Answer :
This looks like a system of differential equations.
[tex]\begin{cases}x' + 2y' + x = 0 \\ x' - y' + y = 0 \\x(0)=0, y(0)=1\end{cases}[/tex]
Eliminating x' gives
[tex](x'+2y'+x)-(x'-y'+y) = 0 - 0 \implies 3y' - y + x = 0[/tex]
and eliminating y' gives
[tex](x'+2y'+x) + 2(x'-y'+y)=0+2\times0 \implies 3x' + x + 2y = 0[/tex]
so that we can rewrite the system as
[tex]\begin{cases}3x' = -x - 2y \\ 3y' = -x + y\end{cases}[/tex]
or equivalently in matrix form as
[tex]\begin{bmatrix}x\\y\end{bmatrix}' = \dfrac13 \begin{bmatrix}-1&-2\\-1&1\end{bmatrix} \begin{bmatrix}x\\y\end{bmatrix}[/tex]
Compute the eigenvalues for the coefficient matrix:
[tex]\det\begin{bmatrix}-1-\lambda&-2\\-1&1-\lambda\end{bmatrix} = (-1-\lambda)(1-\lambda) - 2 = \lambda^2 -3 = 0 \implies \lambda=\pm\sqrt3[/tex]
Compute the corresponding eigenvectors:
[tex]\lambda=\sqrt3 \implies \begin{bmatrix}-1-\sqrt3&-2\\-1&1-\sqrt3\end{bmatrix}\begin{bmatrix}v_1\\v_2\end{bmatrix}=\begin{bmatrix}0\\0\end{bmatrix} \\\\ \implies v_1=(1-\sqrt3)v_2 \implies \vec v = \begin{bmatrix}1-\sqrt3\\1\end{bmatrix}[/tex]
[tex]\lambda=-\sqrt3 \implies \begin{bmatrix}-1+\sqrt3&-2\\-1&1+\sqrt3\end{bmatrix}\begin{bmatrix}v_1\\v_2\end{bmatrix}=\begin{bmatrix}0\\0\end{bmatrix} \\\\ \implies v_1 = (1+\sqrt3)v_2 \implies \vec v = \begin{bmatrix}1+\sqrt3\\1\end{bmatrix}[/tex]
We end up multiplying the matrix by 1/3, so the eigenvalues also get scaled by 1/3 and λ = ±1/√3. The eigenvectors stay the same.

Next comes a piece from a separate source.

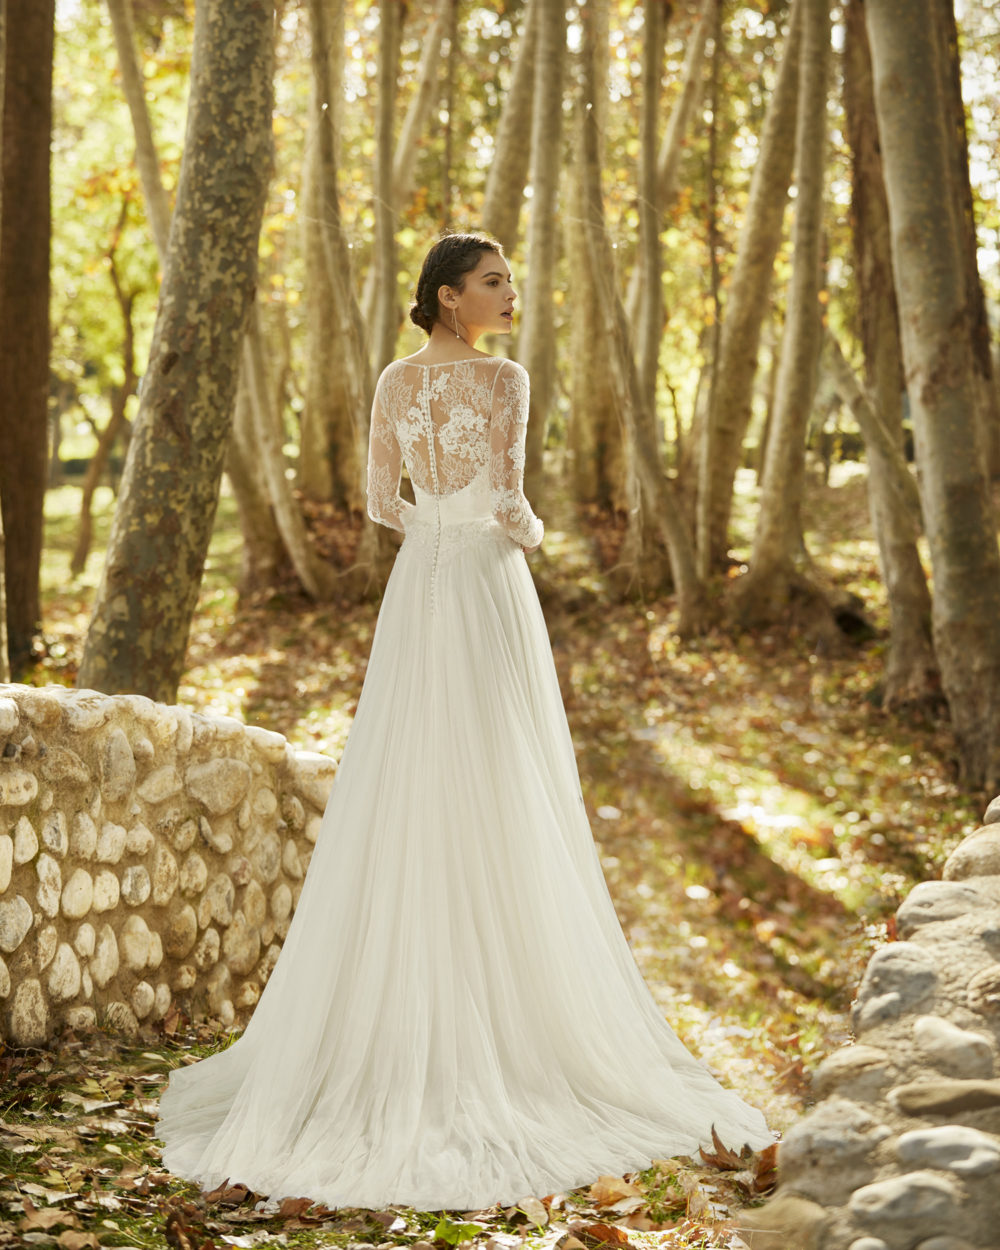 Mariages: abito da sposa Rosa Clarà 2020 a Vicenza, Verona, Padova, Veneto 4B163 OMEYA

Then the characteristic solution to the system is
[tex]\begin{bmatrix}x\\y\end{bmatrix} = C_1 e^{t/\sqrt3} \begin{bmatrix}\frac{1-\sqrt3}3\\\frac13\end{bmatrix} + C_2 e^{-t/\sqrt3} \begin{bmatrix}\frac{1+\sqrt3}3\\\frac13\end{bmatrix}[/tex]

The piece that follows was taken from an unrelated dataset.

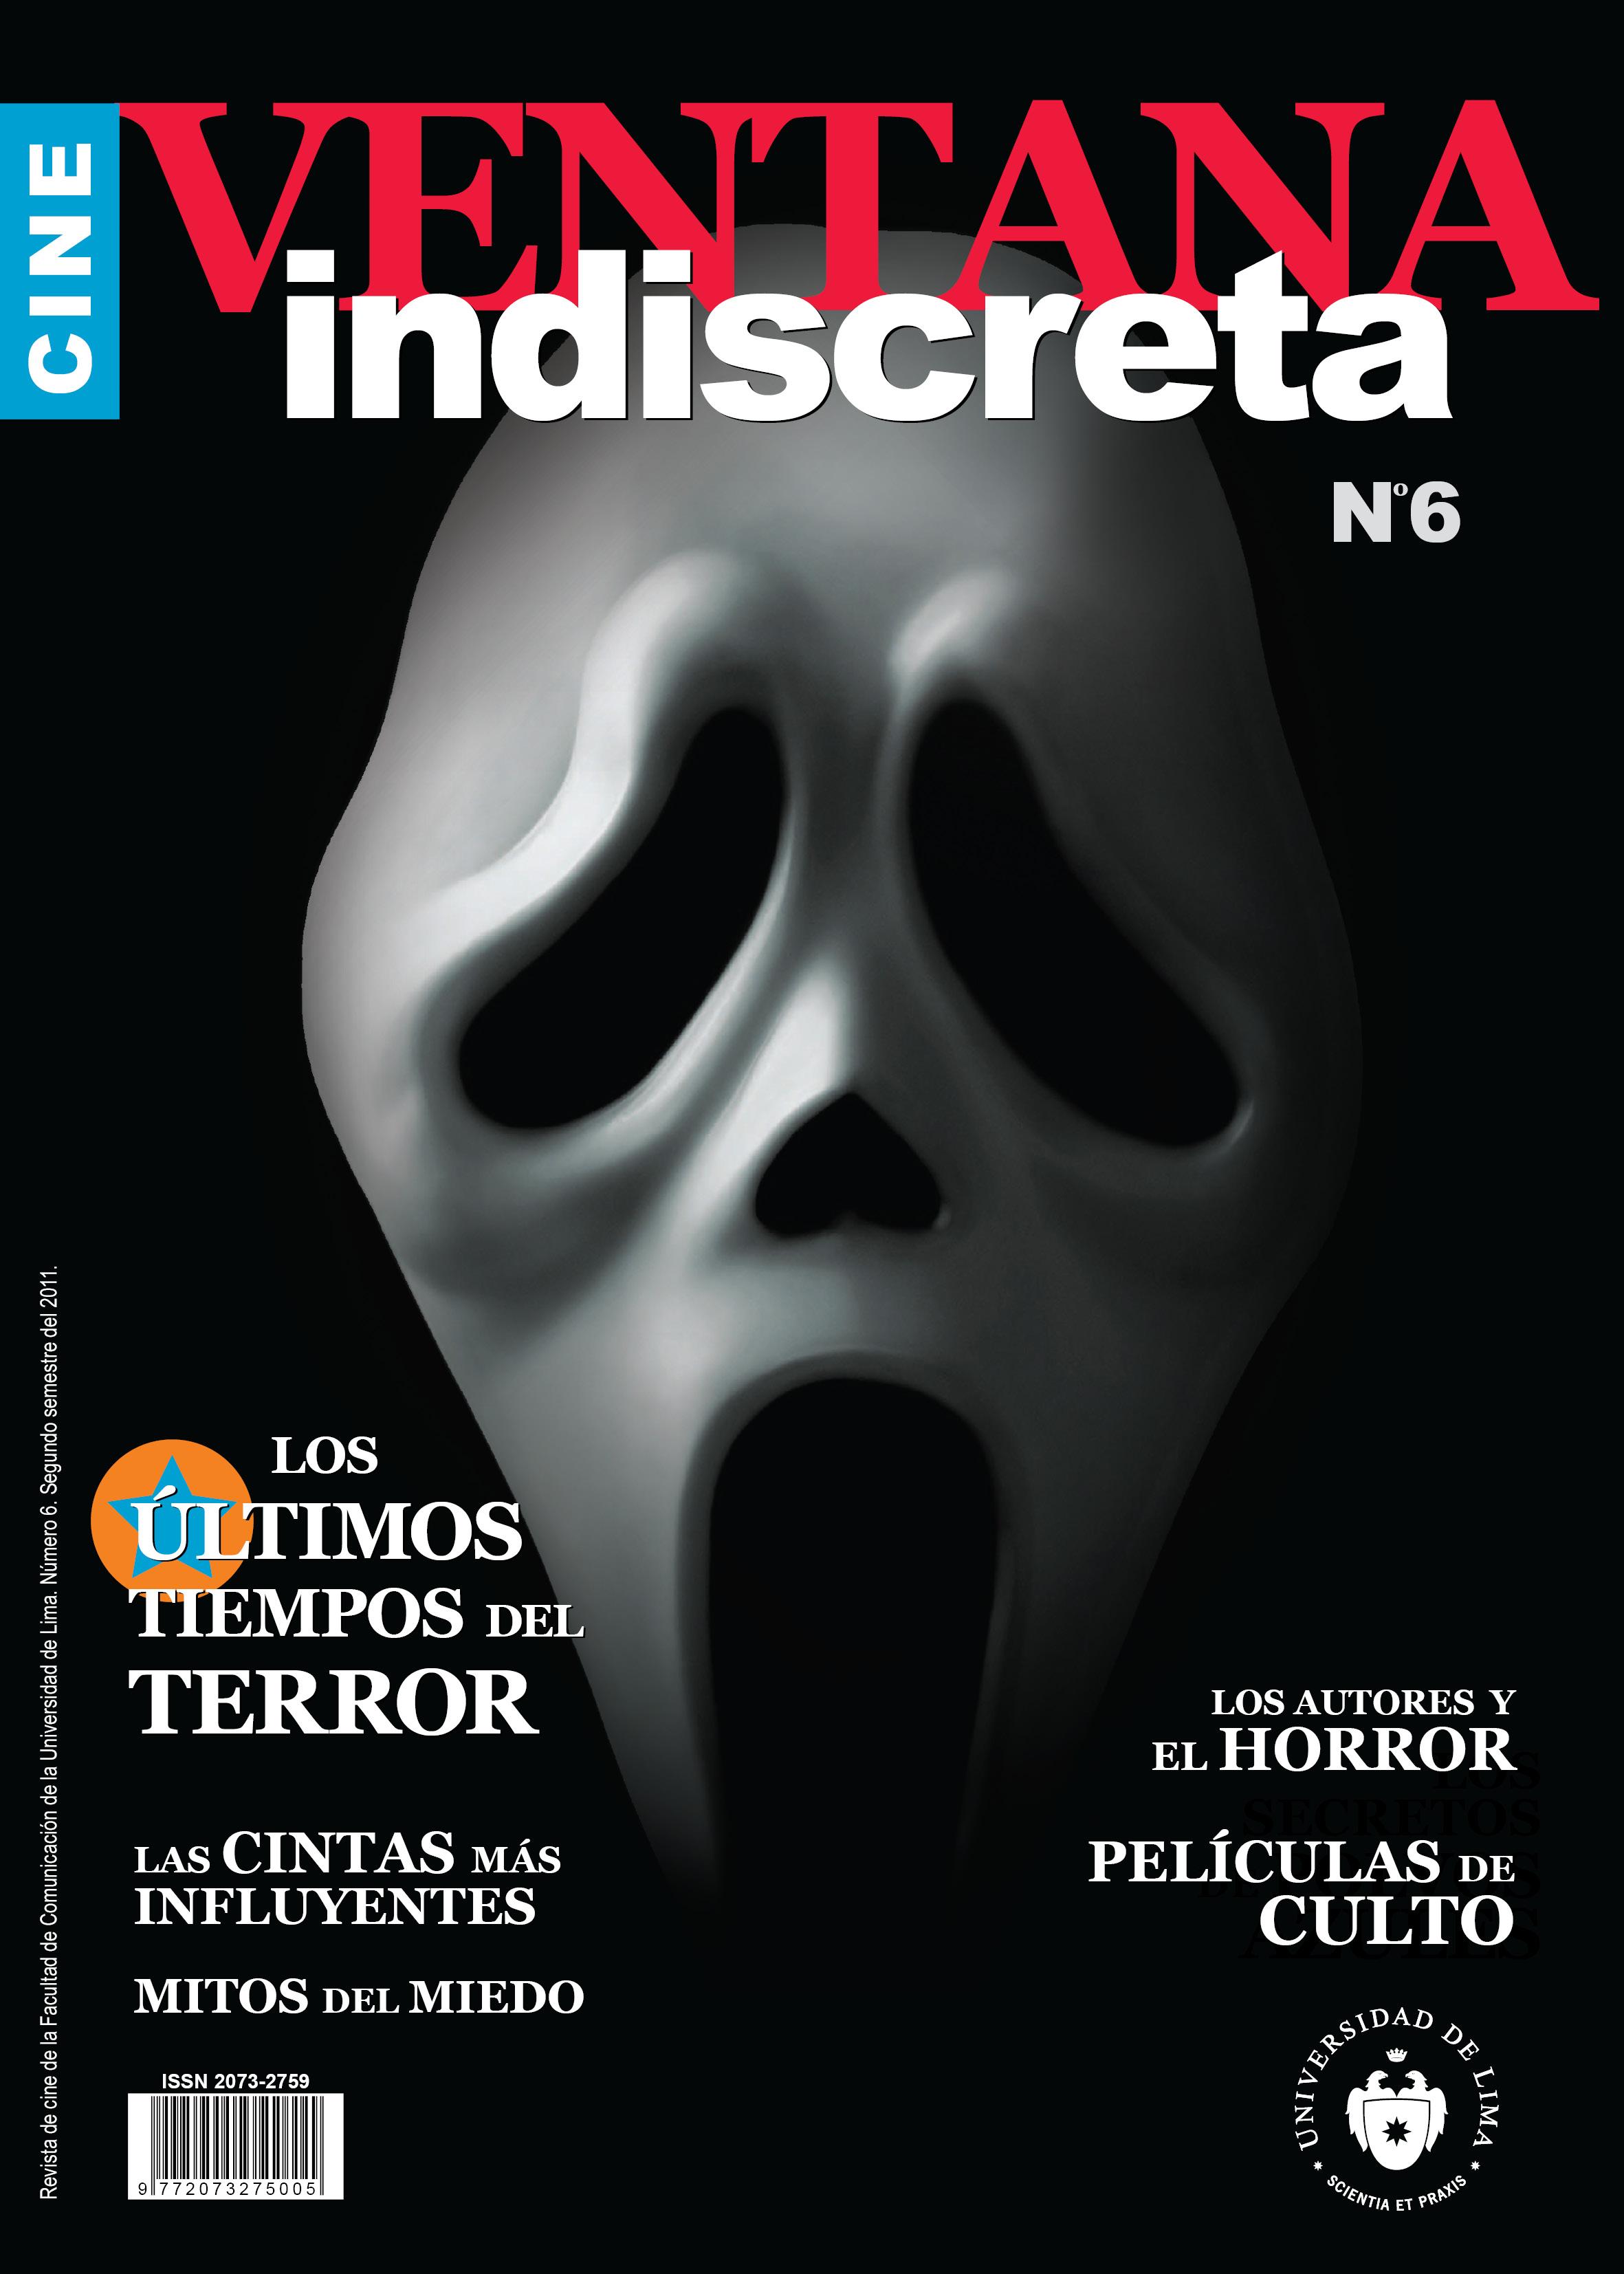 Ventana Indiscreta 6

Use the initial conditions to solve for the constants.
[tex]\begin{bmatrix}0\\1\end{bmatrix} = C_1 \begin{bmatrix}\frac{1-\sqrt3}3\\\frac13\end{bmatrix} + C_2 \begin{bmatrix}\frac{1+\sqrt3}3\\\frac13\end{bmatrix}[/tex]
[tex]\implies \begin{cases}(1-\sqrt3) C_1 + (1+\sqrt3) C_2 = 0 \\ C_1 + C_2 = 3\end{cases}[/tex]

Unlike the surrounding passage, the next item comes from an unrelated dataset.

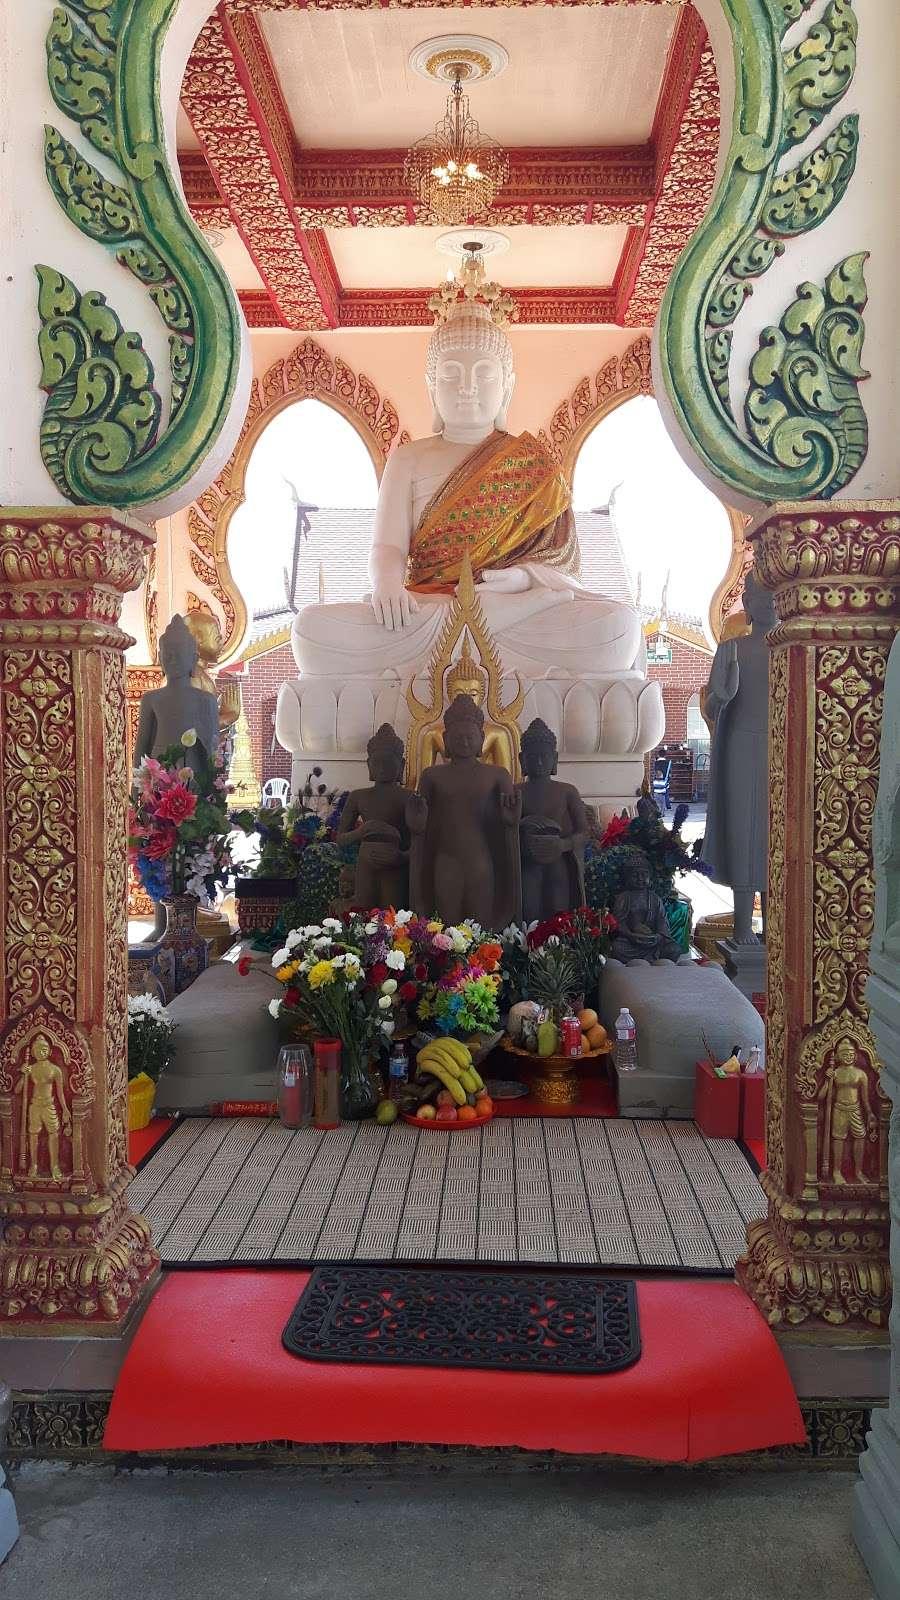 Cambodia Buddhist - museum  | Photo 3 of 10 | Address: 5701 Crystal Lake Blvd, Dallas, TX 75236, USA

[tex]\implies C_1=\dfrac{3+\sqrt3}2, C_2=\dfrac{3-\sqrt3}2[/tex]
Then the particular solution is
[tex]\begin{bmatrix}x\\y\end{bmatrix} = \dfrac{3+\sqrt3}6 e^{t/\sqrt3} \begin{bmatrix}1-\sqrt3\\1\end{bmatrix} + \dfrac{3-\sqrt3}6 e^{-t/\sqrt3} \begin{bmatrix}1+\sqrt3\\1\end{bmatrix}[/tex]
or
[tex]\begin{cases}x(t) = -\dfrac1{\sqrt3} e^{\sqrt3 \, t} + \dfrac1{\sqrt3} e^{-\sqrt3\,t} \\\\ y(t) = \dfrac{3+\sqrt3}6 e^{\sqrt3\,t} + \dfrac{3-\sqrt3}6 e^{-\sqrt3\,t}\end{cases}[/tex]